Wednesday, May 10, 2017

Pt. 1 - The Dog

He awoke late. The midsummer sun was already filtering in through the tattered curtains. He’d be behind from the start. It was hot and the thin sheet clung to his sweaty body. He prepared himself mentally to rise but his listless bones seemed to work against him. They lay anchored to the bed as if bound my inescapable fetters. He groaned and swung his left leg off the edge of the bed. Raising his torso proved more difficult as he tried to prop himself up by pushing his left arm behind him. This failed and he fell back to the mattress where he lay motionless for a moment.

He heard a dog bark and was immediately made alert. Part of his mind noted the oddity that something once so domestic and benign now demanded immediate attention. His ears probed the morning for the gentle din of the chickens in the yard below. Before their low reverie had reached his brain, he was up, leaning, his palms flush against the cracked windowsill and surveying the land that he called his own. A portion of it was, by statute, his. Beyond that, the legality got a little bit hazy. The only remnants of the back fence which had once divided the two properties were the cement posts at either end of the line. He had been unable to remove them and had quickly given up, leaving them to remain just another decrepit memorial to civilization--- that grand experiment.

Beside the makeshift coop (which was once merely a toolshed) the chickens ambled about contentedly plucking seed and grit from the windswept ground all the while feigning indifference to the delay in their morning meal. Satisfied that the small flock was safe, the man reached to the dresser which sat beside the window and grabbed a pair of shorts with a belt still looped through and began pulling his legs through. He nearly toppled back into bed before successfully dressing himself. He didn’t bother changing his shirt.

Moments later, as he walked out the coop, he was wearing a sun-bleached Detroit Tigers hat ostensibly aimed at keeping the sun off his increasingly ample forehead which, in reality, had long ago given itself in to a perpetual tan. Almost every exposed surface of the yard had been converted into some way into farmable land yet somehow grass still seemed to spring from the very rocks of the path. To his left, a raised bed assembled from discarded pallet remnants housed an abundant assortment of greens in various stages of growth, indeed some had already gone to seed, and on the right, a wheelbarrow with a flat tire held the bulk of a squash whose vines crept out and over the edges, worming their way across the yard like verdant, coiling cephalopods and whose roots dangled from the gaps in the corroded metal--- strange stalactites.
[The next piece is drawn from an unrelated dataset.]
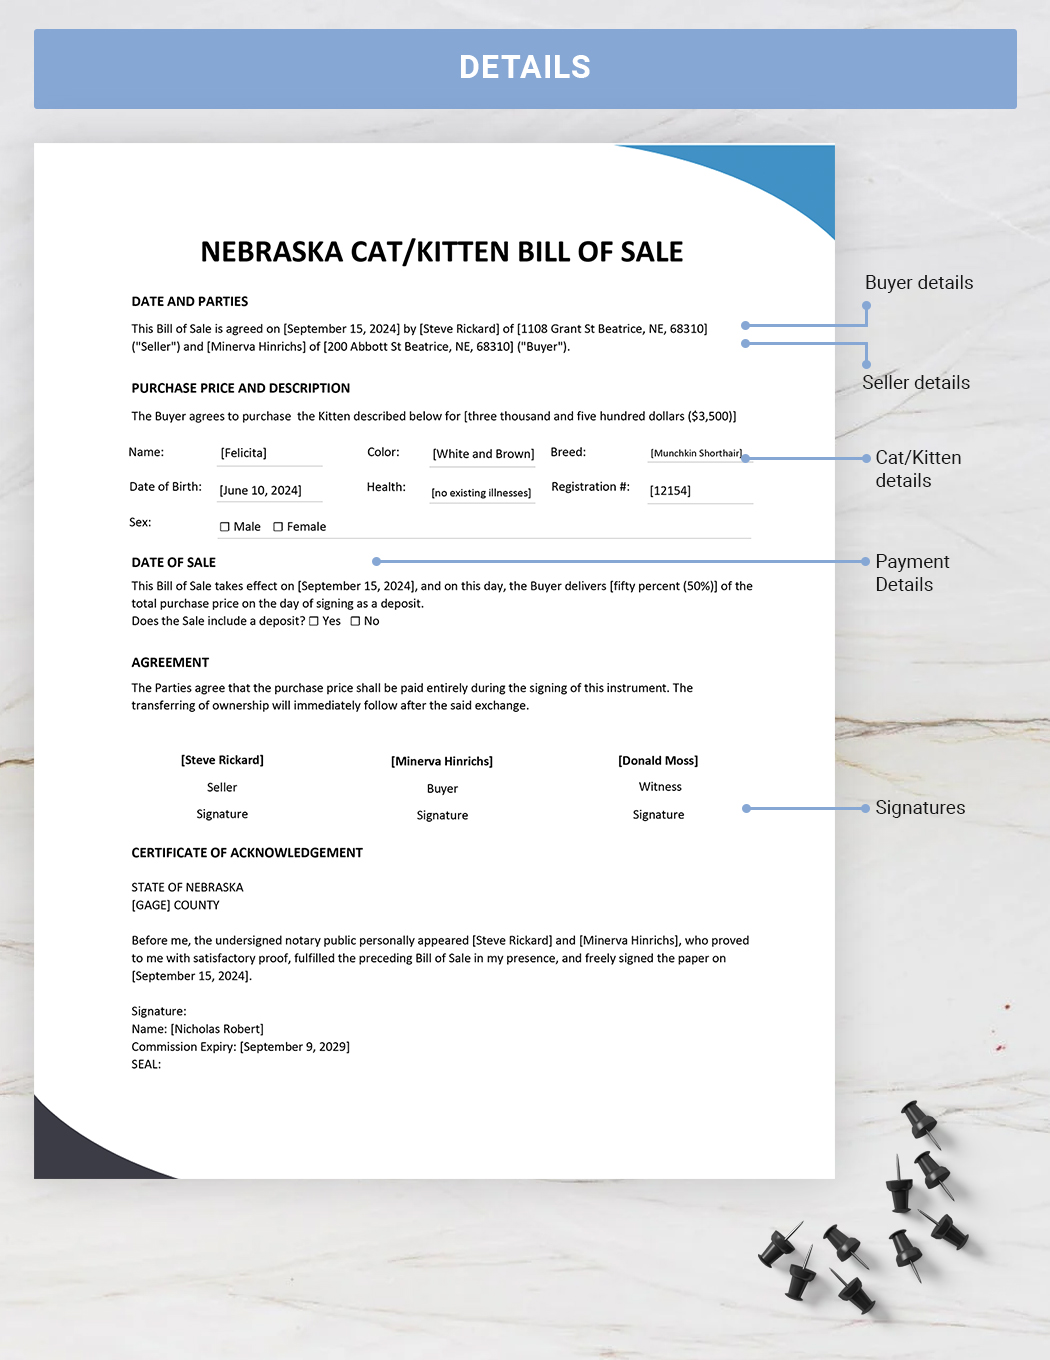 Nebraska Cat / Kitten Bill of Sale Template

The portions of the yard which were not currently heavy with produce hosted a litany of ramshackle tools and building supplies salvaged over the years from those more (or less) fortunate than himself. Thistles and weeds sprung up prodigiously. Sparrows splashed in pools of dirty rainwater.

The coop itself was a testament to impressed ingenuity with its battered roof a mosaic of patchwork fixes. The door, however, fit snugly and securely and the latch still shone in the sunshine.

Sliding the latch he did quick mental math before accounting for each of his hens. The rooster, a thick Bantam, was most likely foraging somewhere nearby but out of sight. More assurance. Even trivial assurances brought joy (or something like it) in a world of uncertainty.

He retrieved a sack of feed from the shelf and tossed it haphazardly through the mesh grating to the waiting hens who lined up like shoppers snapping up doorbuster savings. So long ago, he thought. Who would even remember the reference now? Another relic. Another fading page. How long until time and tide swallowed it all? How long until all he’d known was just another context-less monument eroding beneath a veil of dust? How quickly we vanish, he thought.

The hens gave no pause for contemplation.


Returning the bag he relatched the door, squinting against the blinding sun. From somewhere off in the distance, closer now, it seemed, the dog barked again. More a sharp yelp than a bark it was. He glared back out towards the front of the house. He hand absently fingered the cracked handle of a hoe.